**The task**: Taking only the lines of the data below from the line with "Double tap to" to the line with "I may spin it more than once idk yet :/", ends included, write them out exactly and without pictures.

**Data in this exercise**:
================

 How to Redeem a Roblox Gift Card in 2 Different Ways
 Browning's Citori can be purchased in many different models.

================

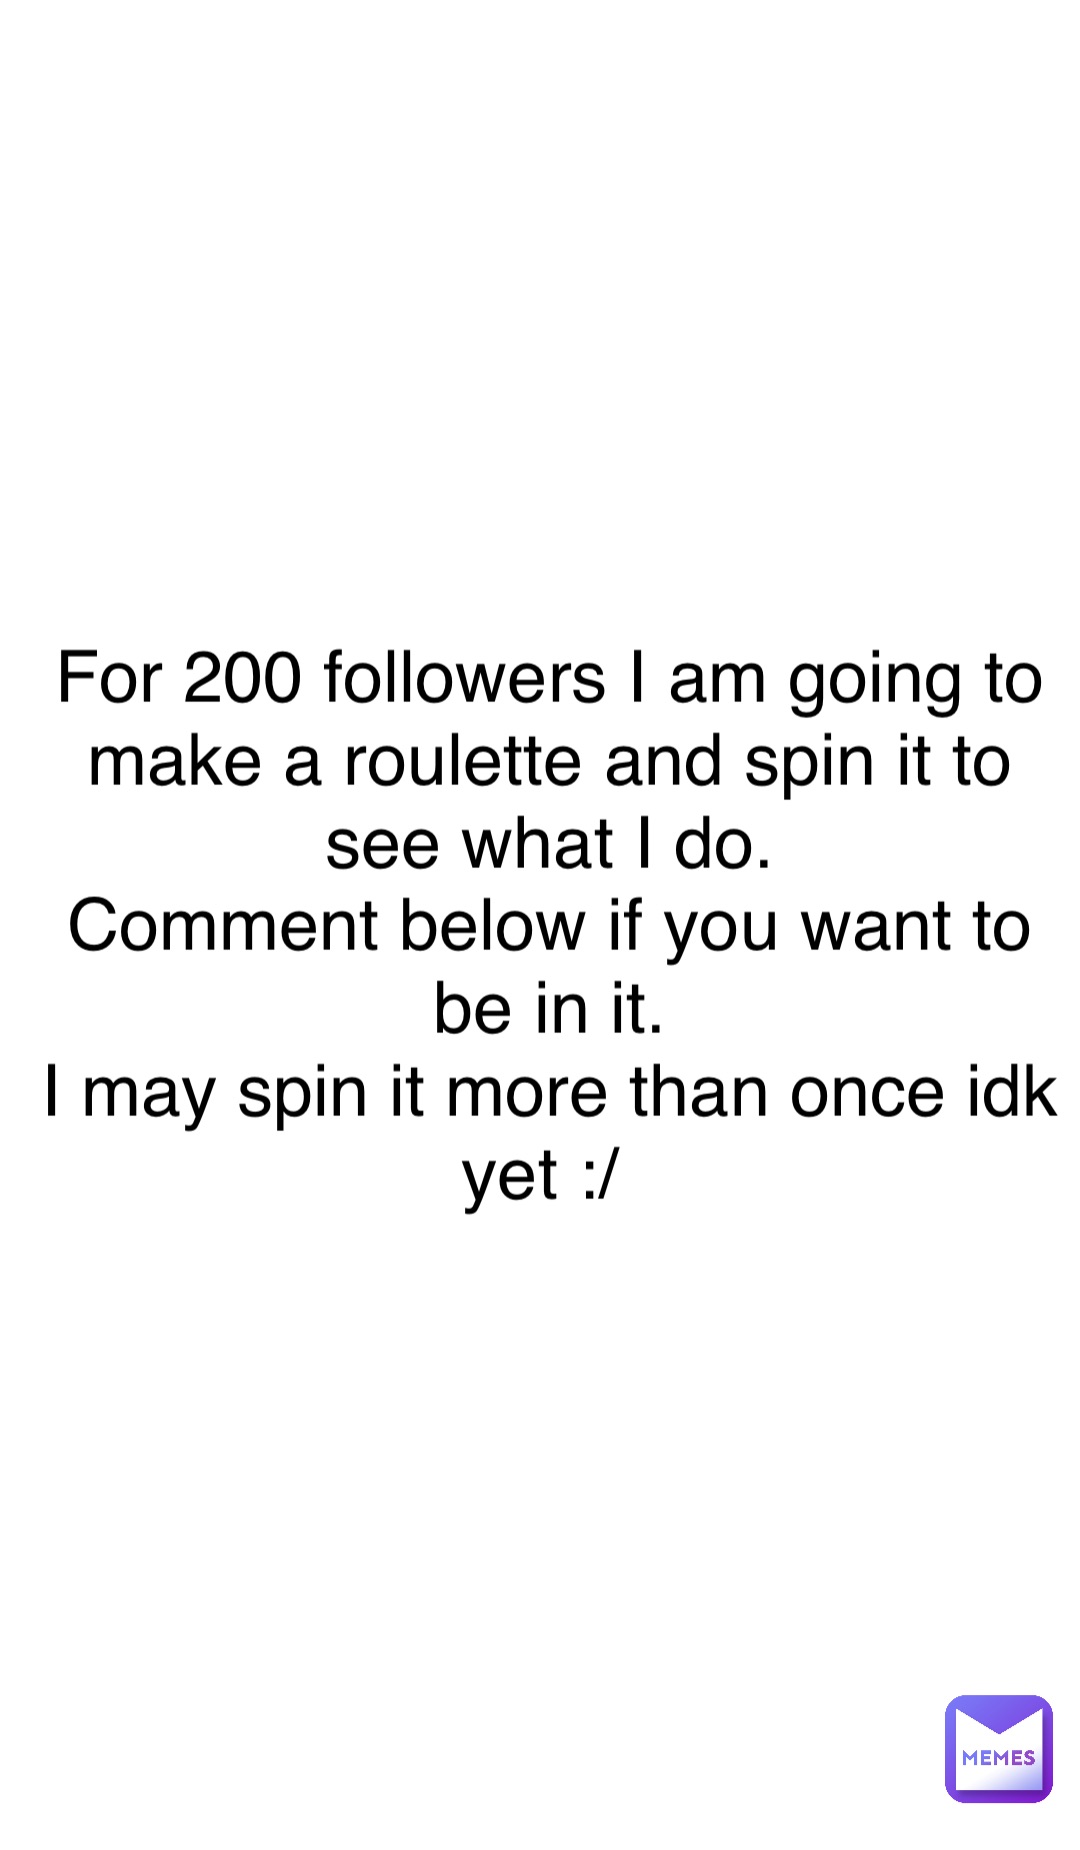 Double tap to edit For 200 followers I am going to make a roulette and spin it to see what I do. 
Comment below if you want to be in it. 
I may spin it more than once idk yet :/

================

**Your response**:
 Double tap to edit For 200 followers I am going to make a roulette and spin it to see what I do. 
Comment below if you want to be in it. 
I may spin it more than once idk yet :/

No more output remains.